One thing about our health care system in Nova Scotia: It produces good reports on what to do. It's doing it that's the problem. Now, at the end of a string of studies going back a decade and a half, the one by Dr. John Ross on emergency care nails it once and for all. If nothing happens now, we're really in trouble.
Let's define "we." The challenge Ross lays down is not just to the Department of Health and the administrators, doctors and nurses down the line. It's also to what communities and individuals must do to ultimately make things work properly. It should be read by as many people as possible. It's in down-to-earth language, with a close-up and sensitive touch, and explains better than ever before how the health system works -- and doesn't work. It's an education in itself. To find it, bring up Government of Nova Scotia on the Internet and go to the Health Department. DoH should also spread paper copies as far as it can -- in hospitals, Access Nova Scotia, libraries and elsewhere.
It's not that Ross comes up with a bold new direction. What to do about the big problem, of which overcrowded emergency rooms are the ultimate symptom, has been known for some time. ERs have become catch-alls for everything, and only a tiny fraction of their business is actually emergencies. The rest of the system has to be geared to draw the non-emergencies away, take the overflow of real ones, and reduce the bad habits that get people needlessly to the doctor to begin with.
Rather, Ross gets into the guts of it with specifics on how it can be done, drawing from interviews with medical people from one end of the province to the other, his own experience, and innovations elsewhere -- and some right here in Nova Scotia. For example, the Cape Breton Regional Hospital has relieved its ER greatly by ordering four of its other units to keep a bed free at different times of day to take ER patients -- an illustration of the need to have hospitals operating as one unit instead of as an inefficient bunch of separate units as most apparently do.
But beyond administrative changes, there are the really tricky bits. One of these is the way doctors are paid. This is a tough one, but Ross wants that changed with the aim of producing better public health outcomes. "As it is, many doctors operate as independent corporations not directly accountable to anyone," which militates against the collaborative medicine involving other health providers he says is necessary.
He notes that the American trend of doctors ordering extra -- and by implication, unnecessary -- tests to avoid lawsuits and complaints has arrived. This is costly, and the problem of limiting doctors' legal liability is fraught with problems, but it must be done. Beyond that, he says, "the lack of accountability for how tests and treatments are ordered is equally problematic" -- there's no measurement of the health outcomes of what we're doing. That, too, is a pressing need, as many medical experts have been insisting for some time. (As one physician told me a while back, "I can easily spend $100,000 on one 80-year-old who shows up with multiple morbidities without knowing if any of it will do any good.")

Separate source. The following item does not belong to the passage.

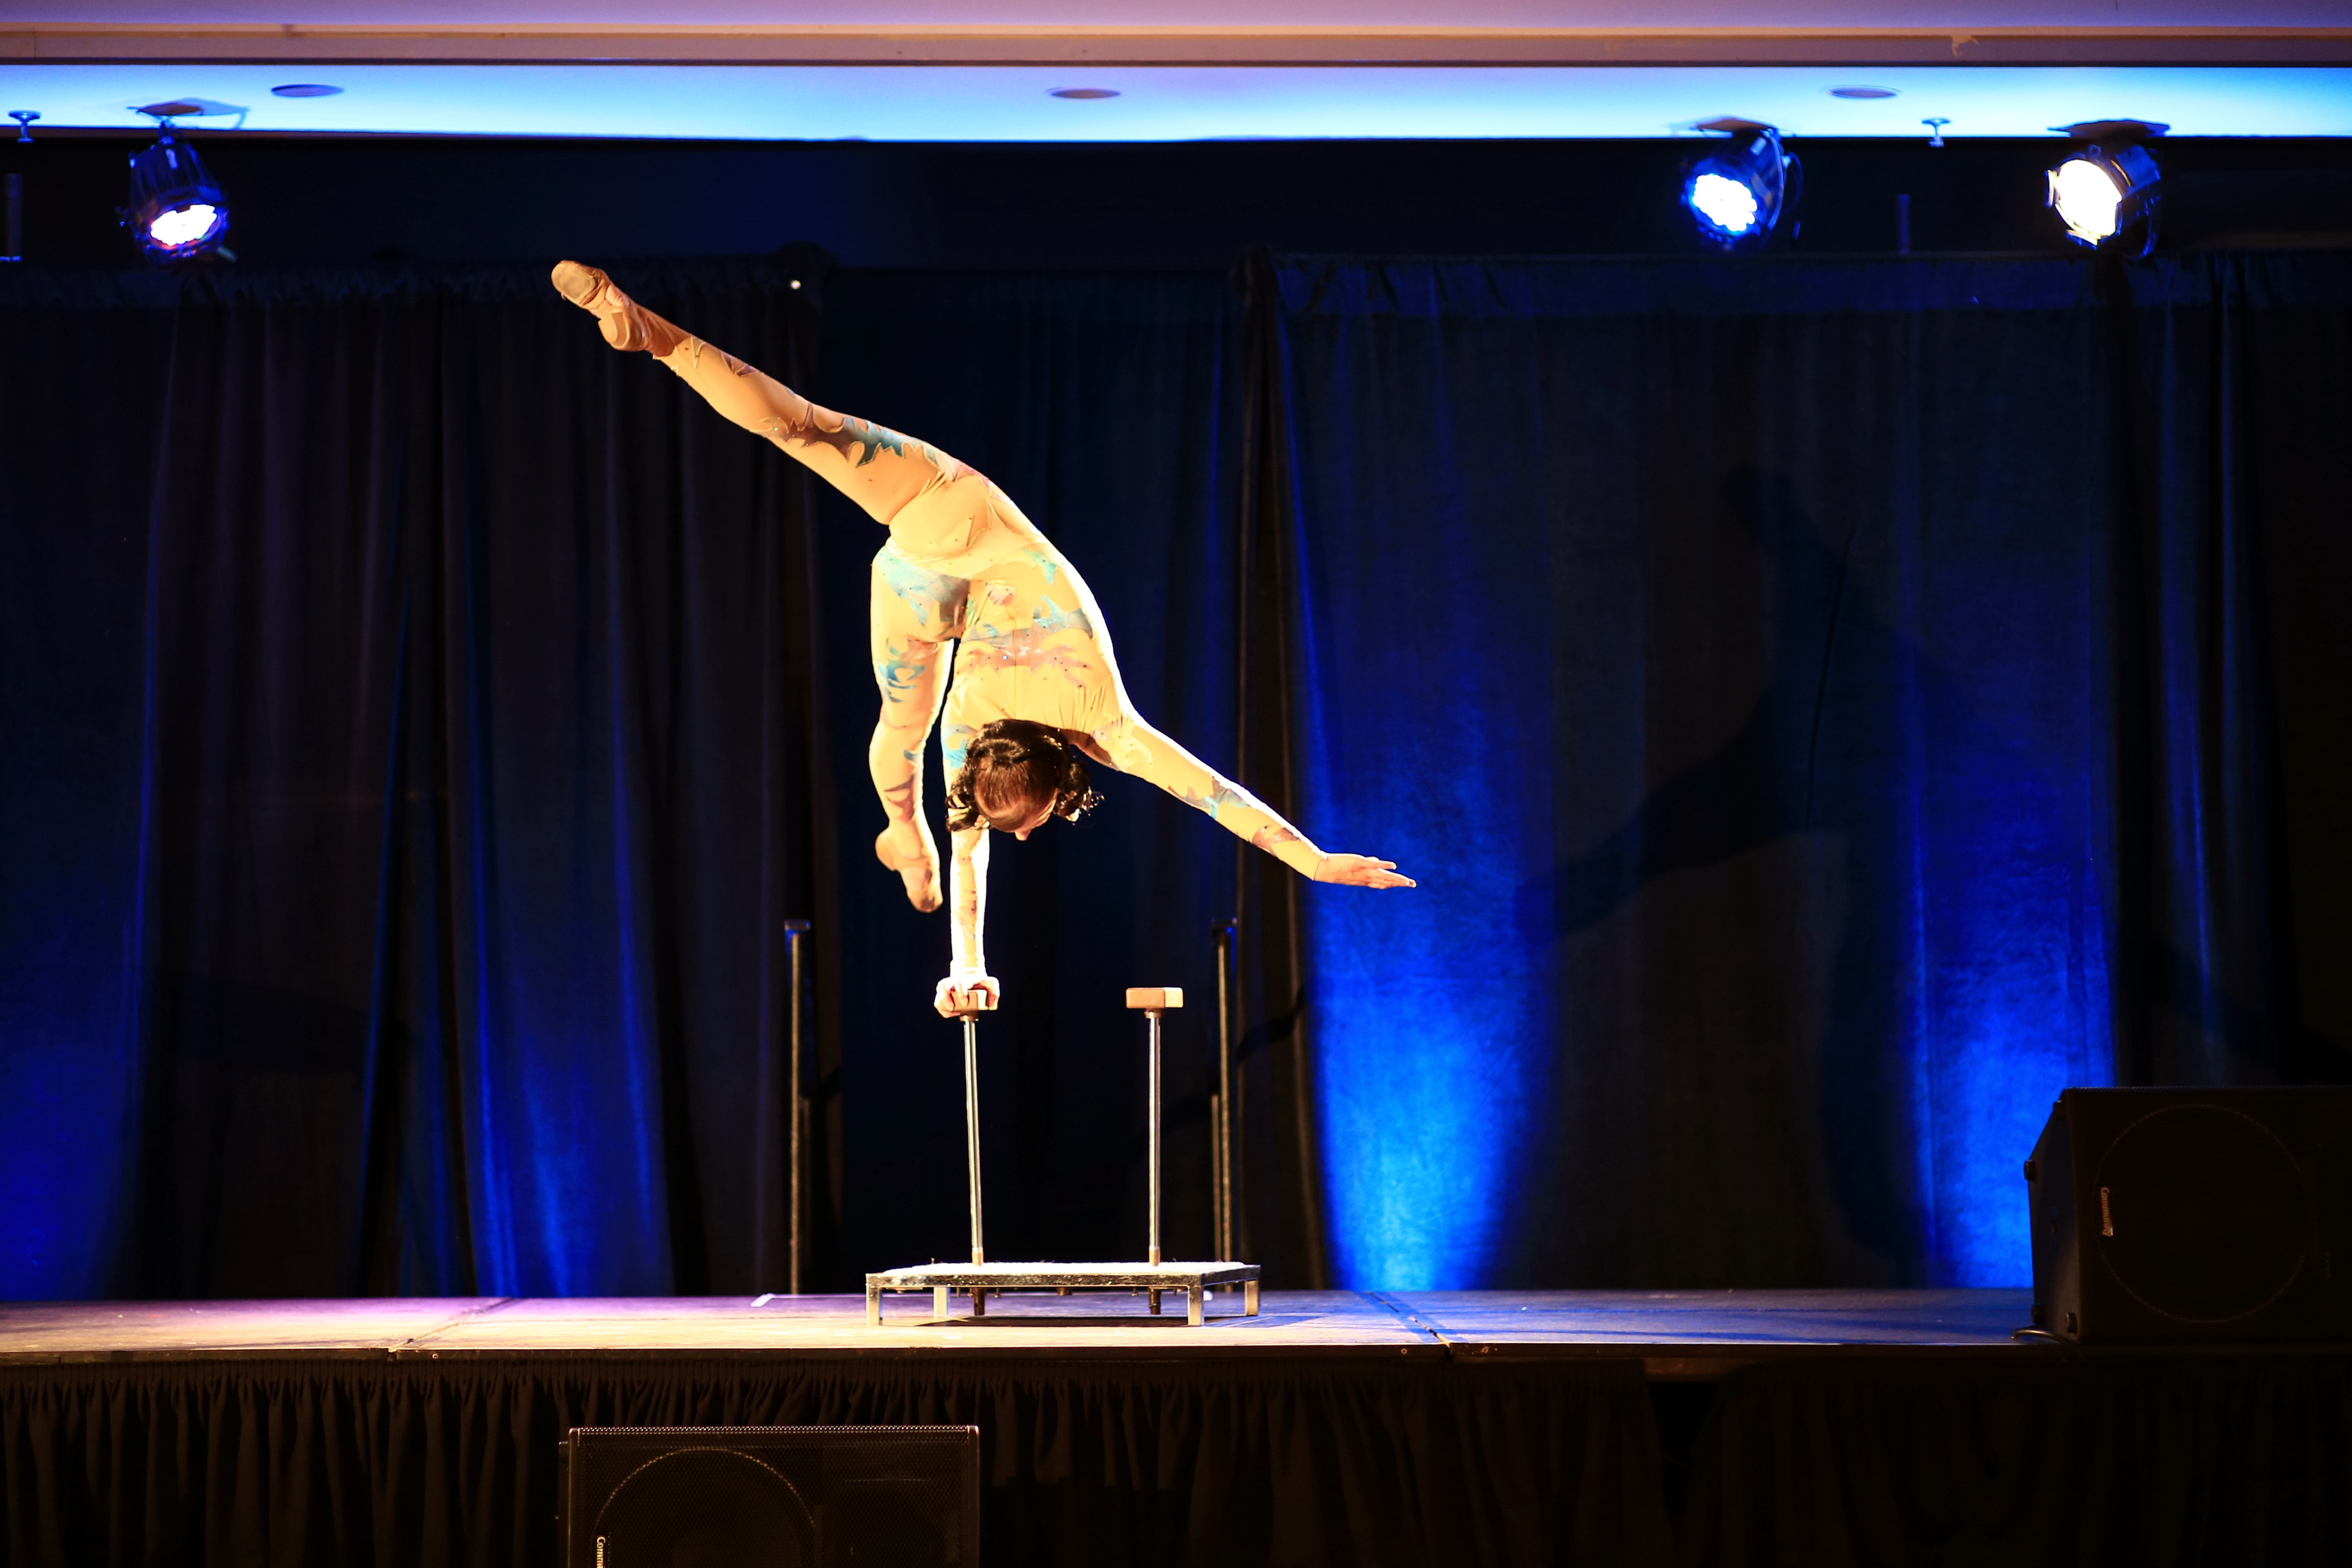 Handstand Balancing Act

Then there's palliative care. This one's really sticky, and Ross says only that there should be "support for doctors to provide palliative care when medical treatment is not indicated." The wider medical literature indicates that the last six months of life are the most expensive. Huge resources are spent on tests and treatments for the elderly at the end of life when the patient should merely be made more comfortable. When this decision is made, and according to which standards, is perhaps the ultimate hard question.
Then there's the role of you and me and our bad habits. Even a perfectly functioning medical system would not likely keep up with those. The report insists that the system be geared to "better health outcomes." Nova Scotia has among the country's worst rates of obesity, diabetes, smoking, etc., but we're not alone. Similar rises, epidemic in the U.S., are being reported from as far as China and Nigeria. There are studies that say half the incidence of most chronic diseases, even dementia and Alzheimer's, are the products of poor lifestyles. A recent one says even one soft drink a day increases your chances of diabetes by 16 per cent. Let's say that reforming the health system is only half of it. Reforming ourselves is the other half.
Ross found a "non-system" of "multiple specialty groups that do not communicate with each other; multiple delays and hand-offs (of patients), partial data, little accountability, and in the end little evidence that all these investments and activities produce the desired outcomes."
But the report is not a downer. It's a call to action. Ross declares himself "gratified and humbled" by the competence of the people he interviewed throughout the province and their determination to make the system better. "I can say with certainty that the solutions are out there," he says -- but only if the elements of reform he outlines are acted on immediately. Otherwise, the Nova Scotia health system "is nearing the end of its sustainable path." It's now or never.